Warm praise for Cowes Lifeboat Station’s response to many call-outs

Lifeboats News Release

The unusually high number of call-outs involving Cowes RNLI lifeboat over an 11-day period brought praise for the station’s all-volunteer members from their Lifeboat Operations Manager, Mark Southwell.

One of the last ‘shouts’ involved a sinking 33 foot motorboat in Wootton Creek, attended by the lifeboat just after 3 am on Sunday, 18 June.

RNLI/George Chastney

One of the last ‘shouts’ involved a sinking 33 foot motorboat in Wootton Creek, attended by the lifeboat just after 3 am on Sunday, 18 June.

From Thursday 8th June to Sunday 18th June there were no fewer than nine ‘shouts’, with each one attracting sufficient lifeboat crew, shore-crew and a launch authority member to fully respond to the perceived emergency.

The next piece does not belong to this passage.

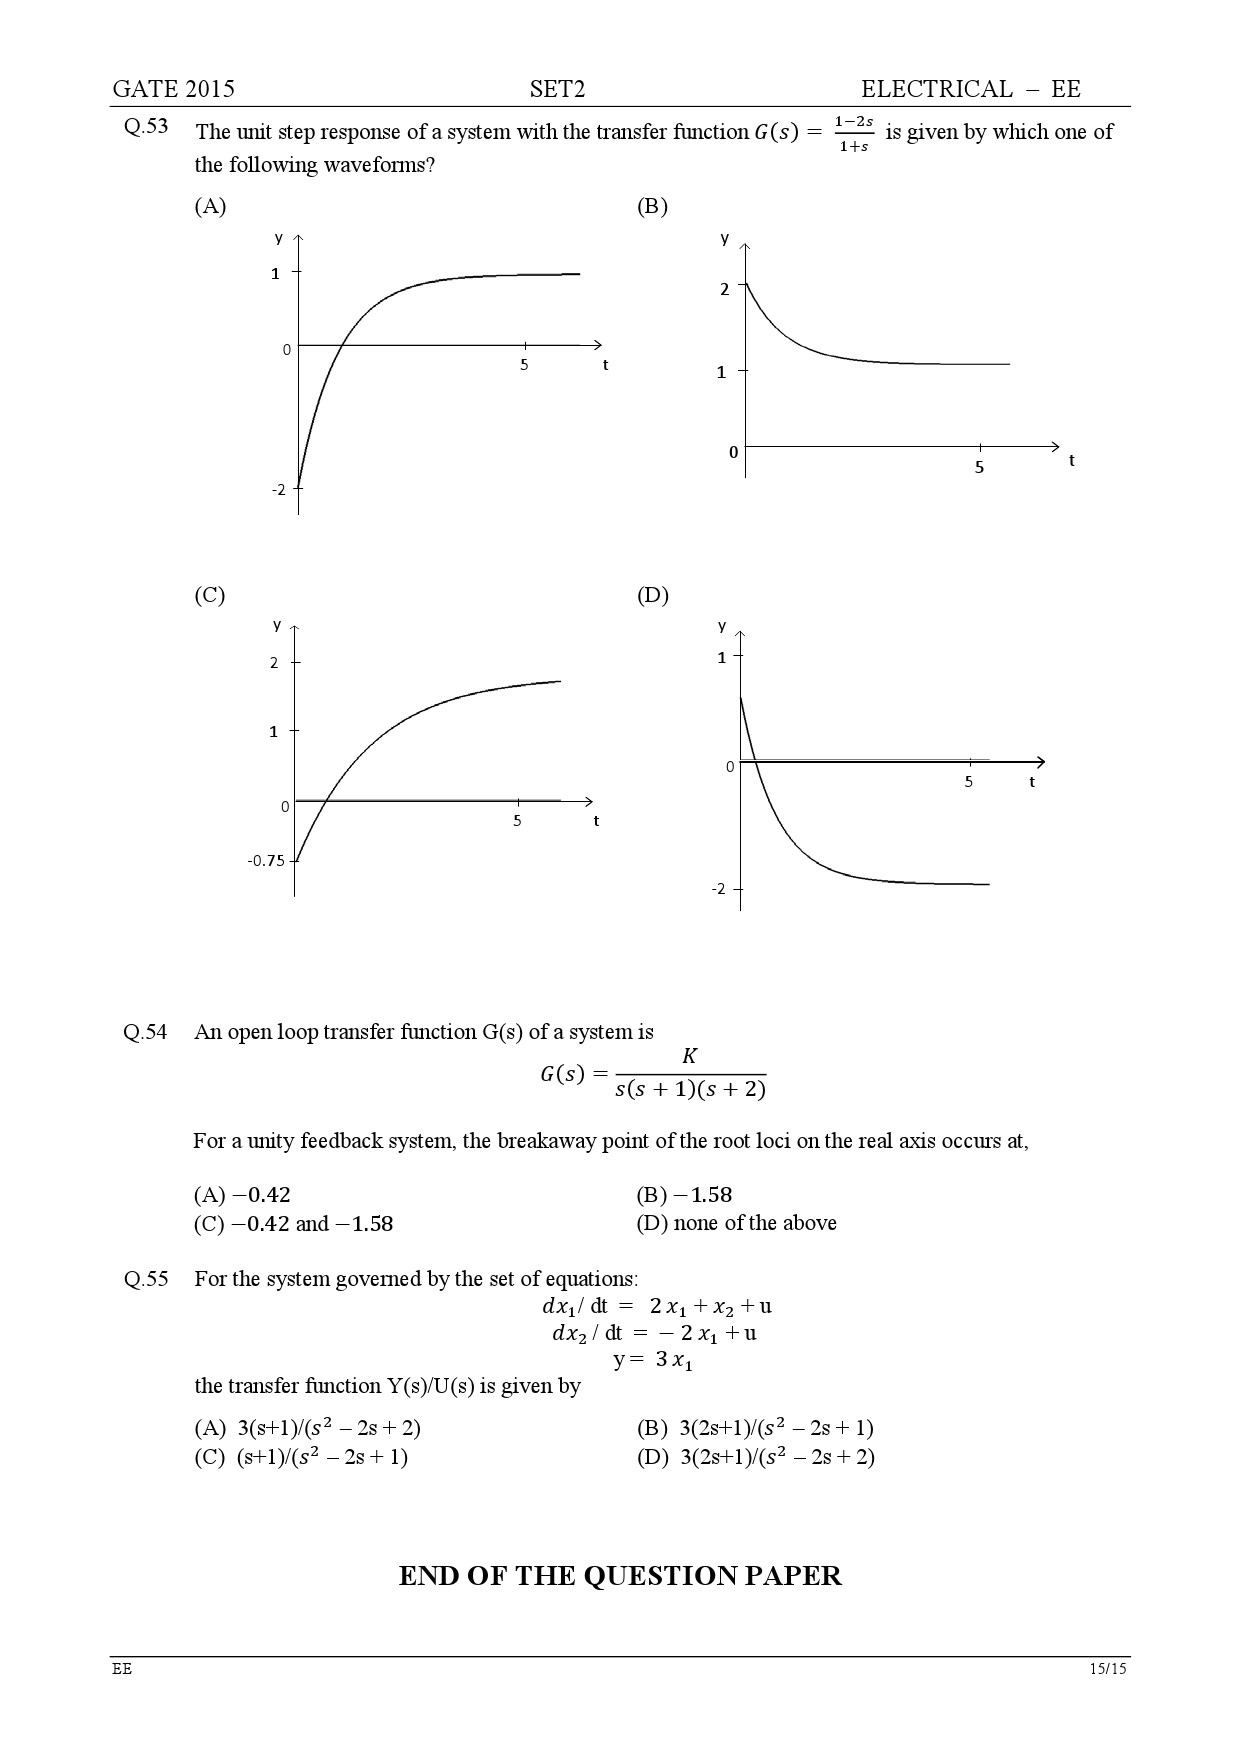 GATE Exam Question Paper 2015 Electrical Engineering Set 2 15

“The consistency throughout was quite outstanding, considering our volunteers also have a life outside of the RNLI including family and work commitments,” said Mark. “Although, fortunately, not one of the call-outs involved an injury or a fatality, there were several where the outcome could have been very different without our attendance.”

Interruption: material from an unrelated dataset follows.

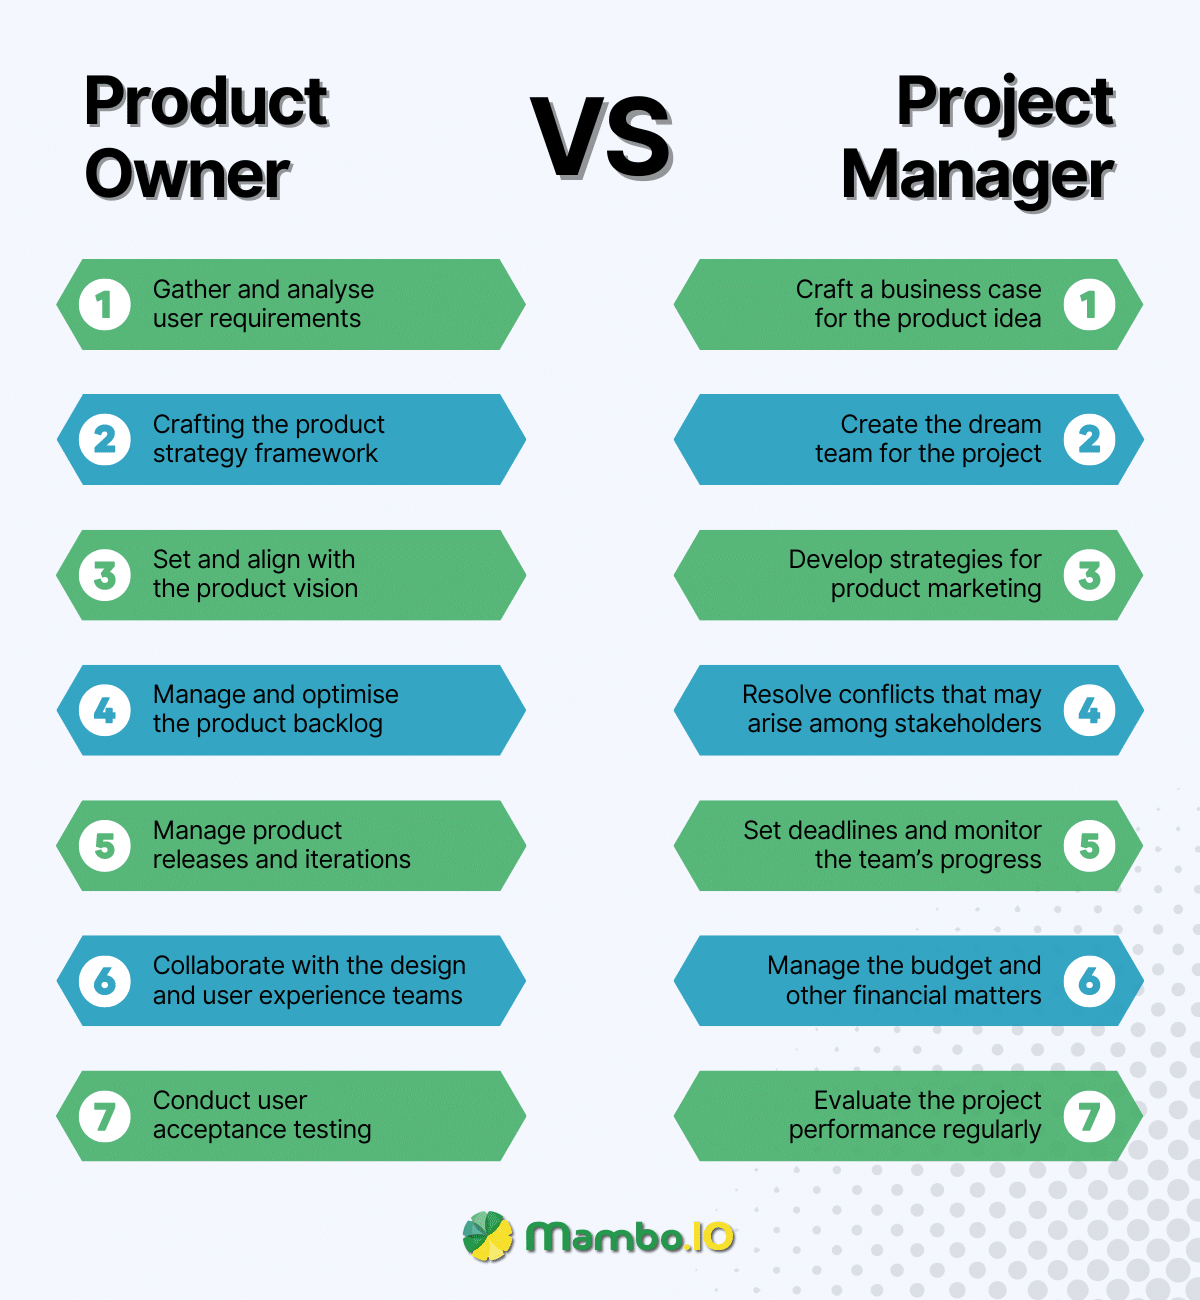 Product Owner vs Project Manager Responsibilities

The ‘shouts’ included a yacht aground on the Bramble Bank, several men in difficulty in the River Medina, engine failure involving yachts, a RIB, and a fishing boat, a capsized windsurfer, a sinking motorboat in Wootton Creek, and a drifting unattended RIB. And several of the call-outs were late at night or in the early hours of the morning.

Key facts about the RNLI

The Royal National Lifeboat Institution is the charity that saves lives at sea. Our volunteers provide a 24-hour search and rescue service in the United Kingdom and Ireland from 238 lifeboat stations, including four along the River Thames and inland lifeboat stations at Loch Ness, Lough Derg, Enniskillen and Lough Ree. Additionally the RNLI has more than 1,000 lifeguards on over 240 beaches around the UK and operates a specialist flood rescue team, which can respond anywhere across the UK and Ireland when inland flooding puts lives at risk.

The RNLI relies on public donations and legacies to maintain its rescue service. As a charity it is separate from, but works alongside, government-controlled and funded coastguard services. Since the RNLI was founded in 1824 our lifeboat crews and lifeguards have saved at least 140,000 lives. Volunteers make up 95% of the charity, including 4,600 volunteer lifeboat crew members and 3,000 volunteer shore crew. Additionally, tens of thousands of other dedicated volunteers raise funds and awareness, give safety advice, and help in our museums, shops and offices.